By Yina Moe-Lange
Quantum computing is continuing to scale up and with the recent announcement from the Vancouver based quantum computing company, D-Wave, of their 2,000-qubit processor it does not show signs of slowing down. D-Wave is the first quantum computing company that has made the technology available for commercial use. The quantum computing processors are in direct competition with the more tradition types of chips used for Machine Learning and AI like GPUs and the newly announced second-generation TPU from Google.
The important part of quantum computing is that it replaces the traditional way of thinking of computing. By replacing the conventional bit, 0 or 1, with a new type of information, it opens up to exponential amounts of possibilities. The qubit can be in the superposition state where it is neither +1 or -1 yet, in a sense it is both, and it is this that allows for the superfast computing.
The D-Wave quantum computers use the process of annealing. This involves a series of microscopic magnets to be arrange on a grid. Each magnetic field influences each other and then they orient themselves into a position to minimize the amount of energy stored in the entire field. It is during this process, that one can change the strength of the magnetic field from each magnet so that the magnets orient themselves in a way to solve specific problems. To get to the solution, you begin with high amounts of energy so it is easy for the magnets to flip back and forth. Then as you lower the temperature, the magnets reach lower and lower levels of energy until they are frozen into the lowest energy state. Here it is possible to read the orientation of each magnet and find the answer to the problem. One can say that D-Wave’s quantum computer is a kind of analog computer relying on Nature’s algorithms to find the configuration of the lowest energy state.

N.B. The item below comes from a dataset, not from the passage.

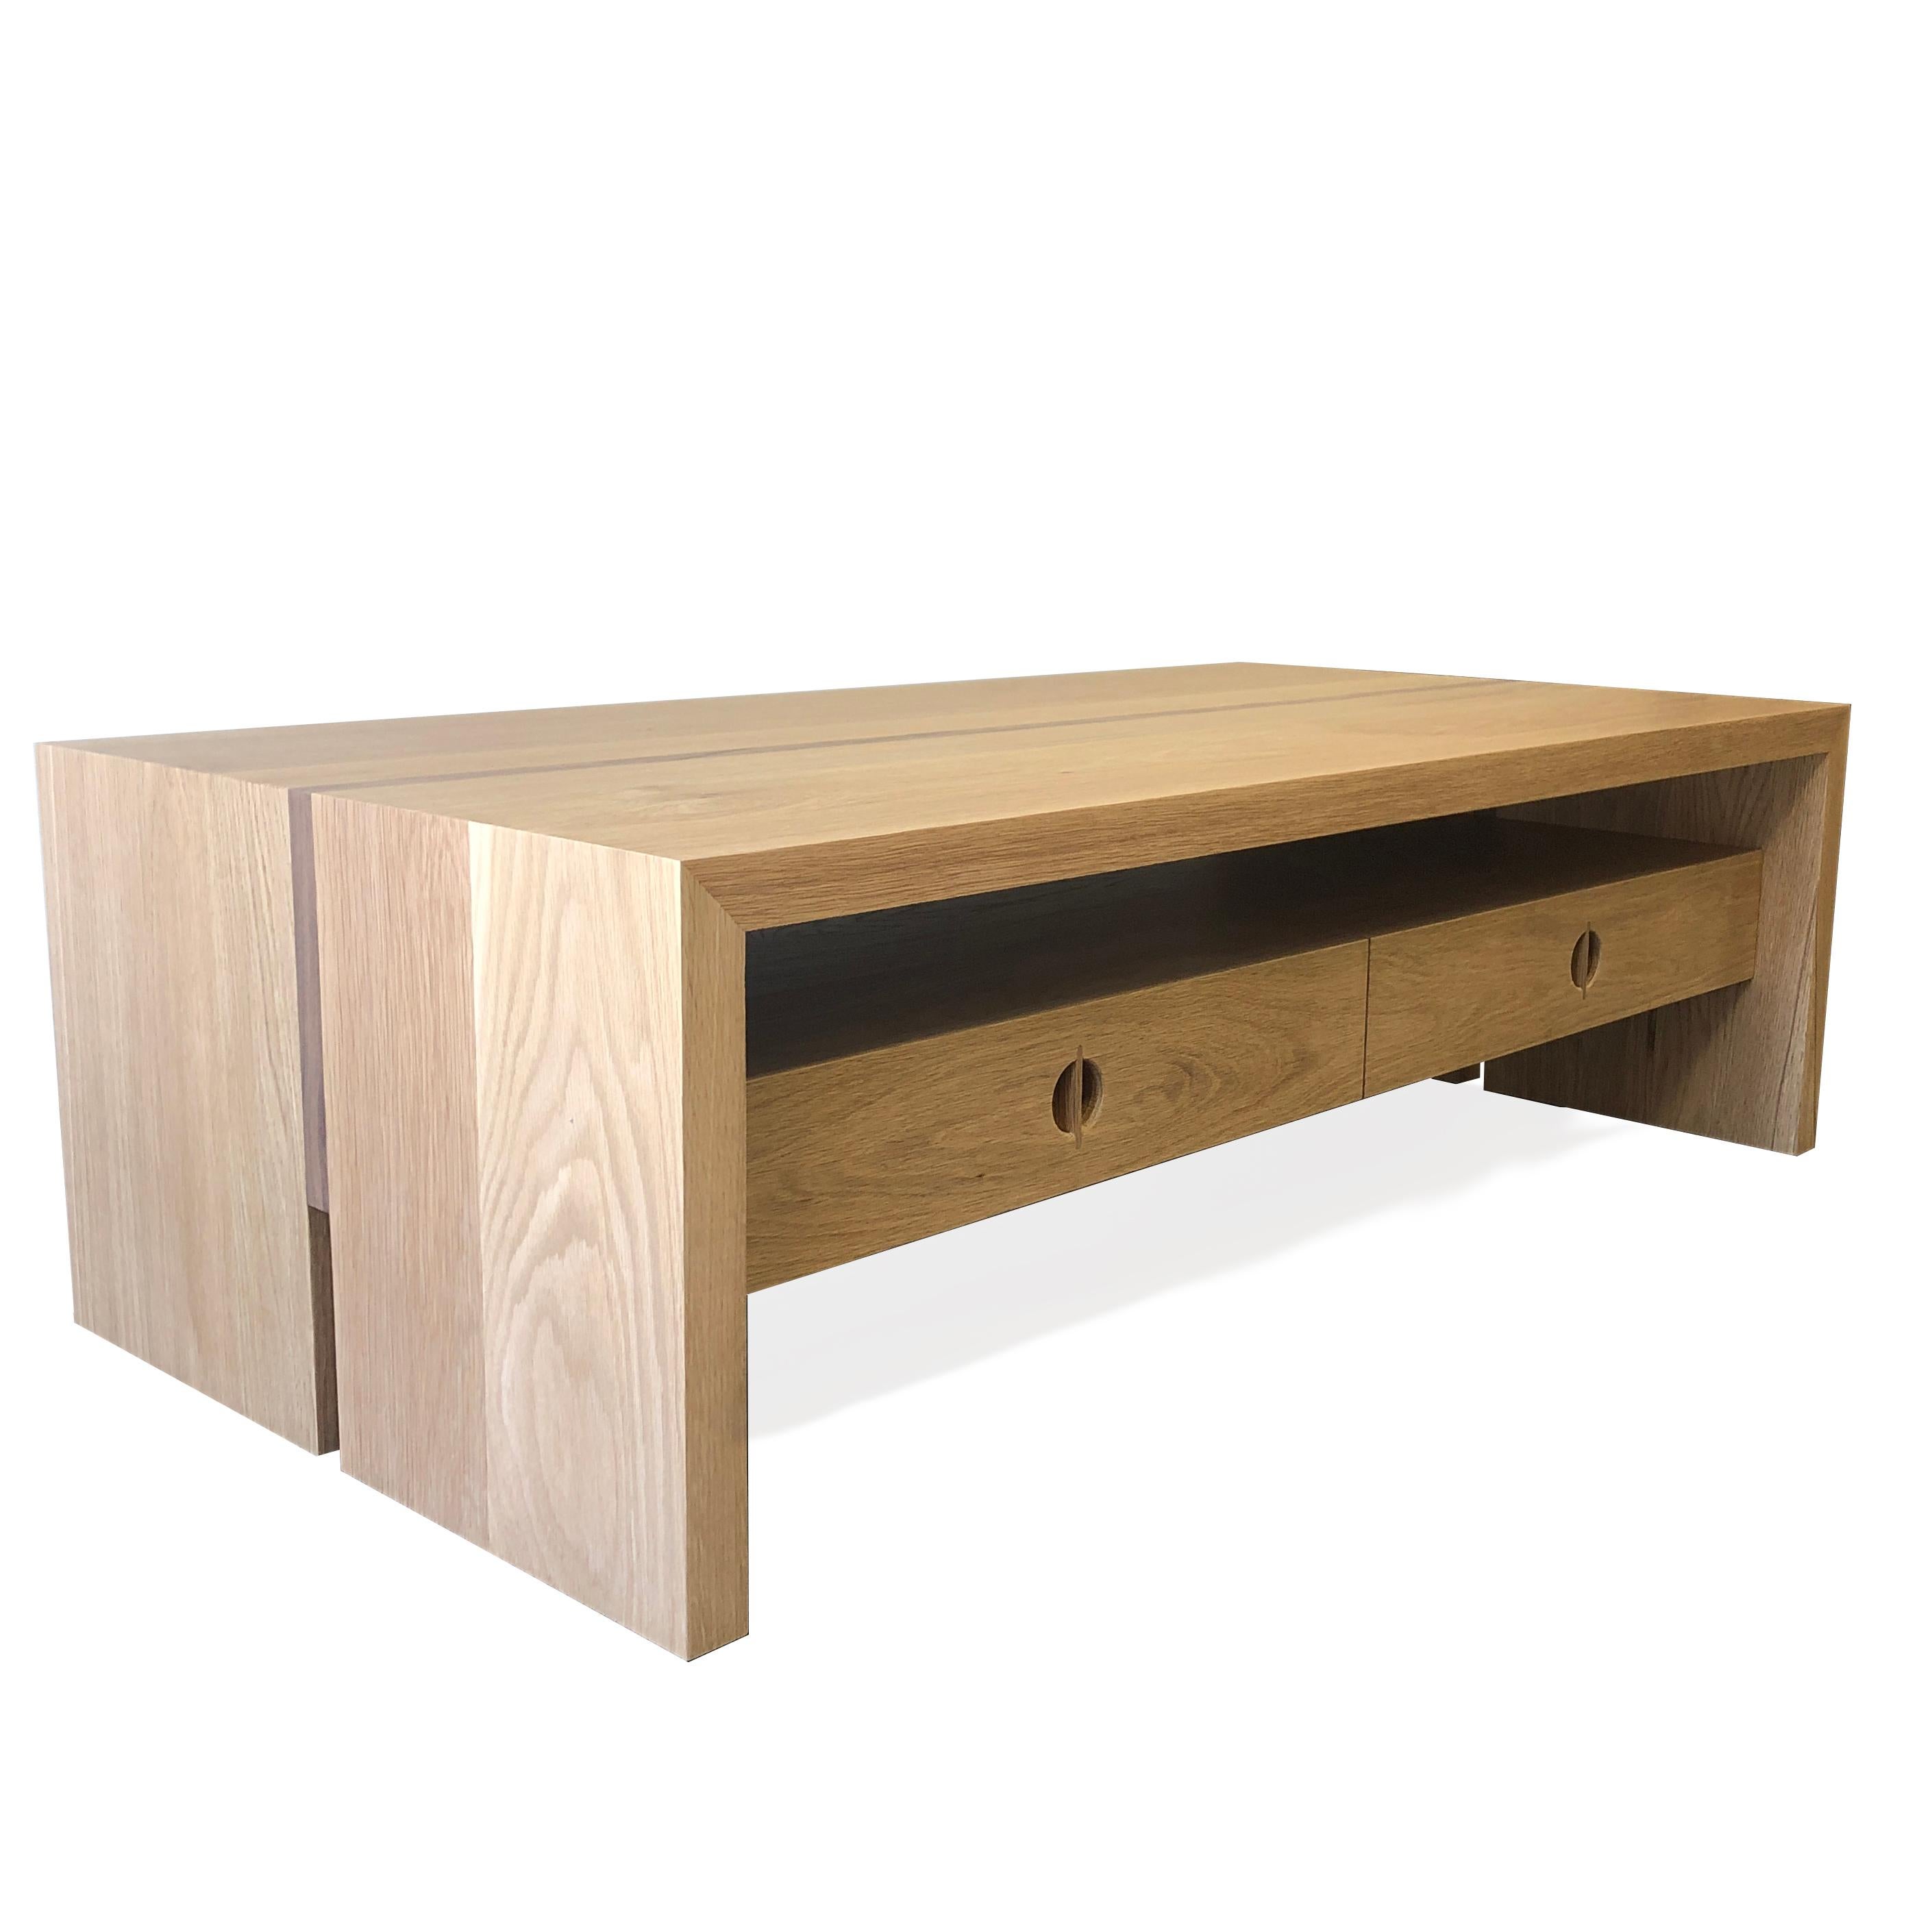 Cette table basse personnalisée est fabriquée à la main aux États-Unis avec du bois dur. Il présente un design carré moderne avec un corps en chêne blanc massif et un détail minimaliste de marqueterie en noyer. Les tiroirs de rangement pratiques et

This is where we get lucky. This specific class of quantum computing happens to be useful for a subset of optimization computing problems, especially those geared towards Machine Learning. Many Machine Learning problems can be reformulated as energy problems. The D-Wave quantum computers are designed to support problems that need high level reasoning followed by decision making. The quantum computing allows for AI systems to imitate human thought processes much more closely than a classical processor. And while the idea of quantum computing can be hard to understand, its use in Machine Learning is clearly opening up new opportunities.
In the impending fight between the GPUs and TPUs, there is a possibility that quantum computing will pass in the outside lane. A key element in D-Wave’s quantum computing is that it isn’t necessarily designed to solve every problem but it is addressing the same need in the processing market that GPUs currently fulfill. Google released a paper in which they find that there is a considerable computational advantage when using the D-Wave quantum computer over a classical processor. In many aspects, a quantum computer can do the same thing a GPU can do, just faster, and these days, time is money.